Tuesday, August 25

A Couple Questions About Particle Physics‏

Professor ------

I'm sorry to trouble you. My name is Matt Coughlan, and I have been looking for answers to these questions in articles and online, and have been unable to find answers for them. I read all of your "Research Related Postings" and you are far more of an expert about this stuff than I am. If you could either answer these, or put me in contact with someone else who would want to, it would be most appreciated.

Thank you for your time!

1) In quantum physics, if we can't know where a particle is and where it is going at the same time, then how can we know when a particle is and when it is going at the same time? Meaning, if a particle is a probability cloud in space, then could it also be a probability cloud in time? Would this be conceivably measurable?

2) If virtual pairs of particles and antiparticles are coming into existence all around us, and then immediately annihilating, then are there virtual photons (and virtual energy) too?

3) If Hawking radiation is proven right, and these virtual pairs of particles/antiparticles are spontaneously created as real particles, then where are they coming from? Is the energy used to create these particles coming from nowhere, or is the virtual energy a part of spacetime? If this virtual energy is taken away from spacetime, and this energy is somehow tied to the expansion of it, does that mean spacetime slows down around black holes?
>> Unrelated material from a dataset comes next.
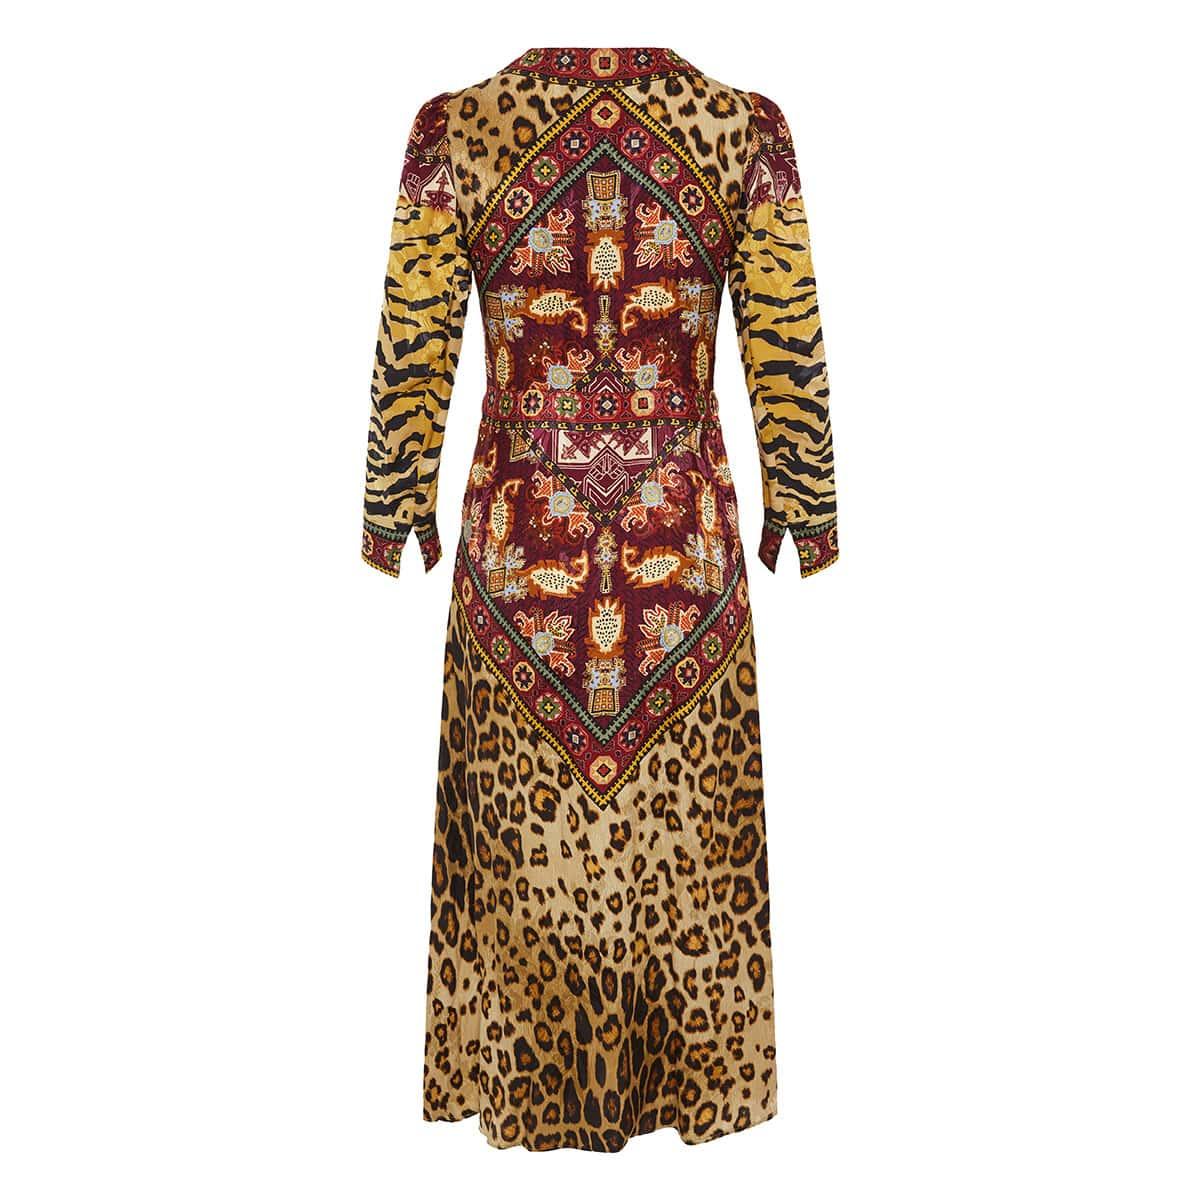 Patchwork printed jacquard midi dress

4) Right now matter either moves a 1sec/sec through time, or it can slow down to 0sec/sec by being light, or by jumping into a black hole. Meaning that matter can accelerate and deaccelerate through time within definite boundaries. (All relative to each other, of course. We can't objectively measure this, so these numbers are flimsy, I know, since every point in spacetime has its own ruler, so we are all really moving at 1sec/sec.) Hypothetically speaking, if a particle were to be moving backwards in time (say -1sec/sec relative to us), could we even measure it? Causality is a two way street, and when A goes to B goes to C, then C can also go back to B and A. (At least for particles. Not living things, of course.)
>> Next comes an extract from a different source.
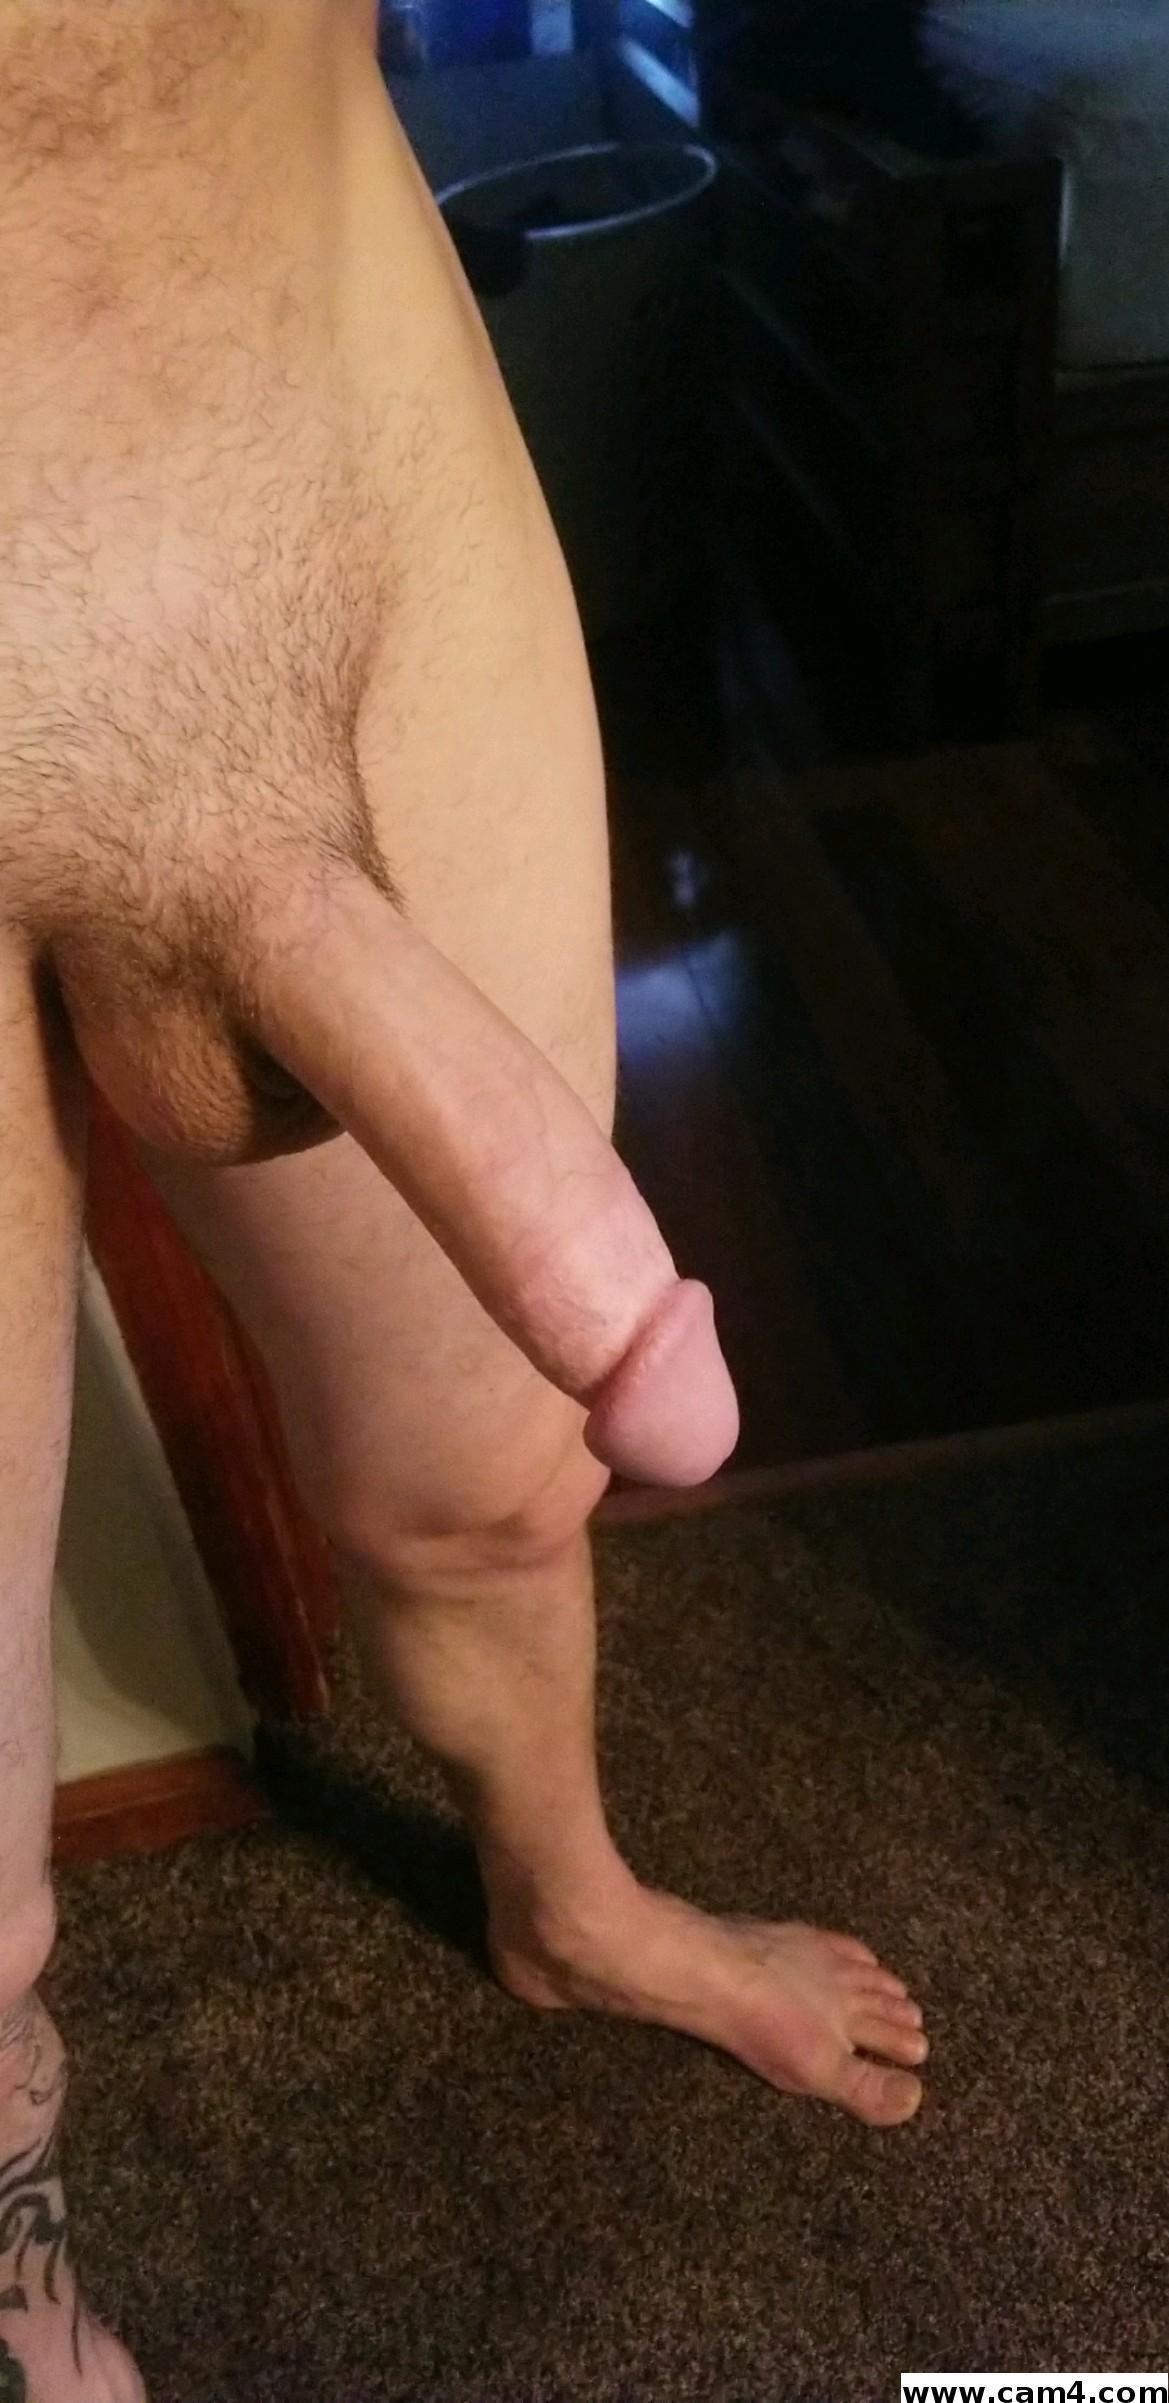 Heavyhung1?s=emrdv7zlhkahiktgbfn0emyudkjmoohgmdy6iqfehci=

If we can't tell the difference between particles moving forward in time, and particles moving backwards in time, then could some of the ones we already know be those particles? Namely, could antiparticles be moving backwards in time? Maybe they have a negative "time spin?" Maybe matter is t1, light is a t0, and antimatter is t-1?

Anyway, I have more questions, and if these are interesting to you, then please consider them, and let me know the answers. Thanks!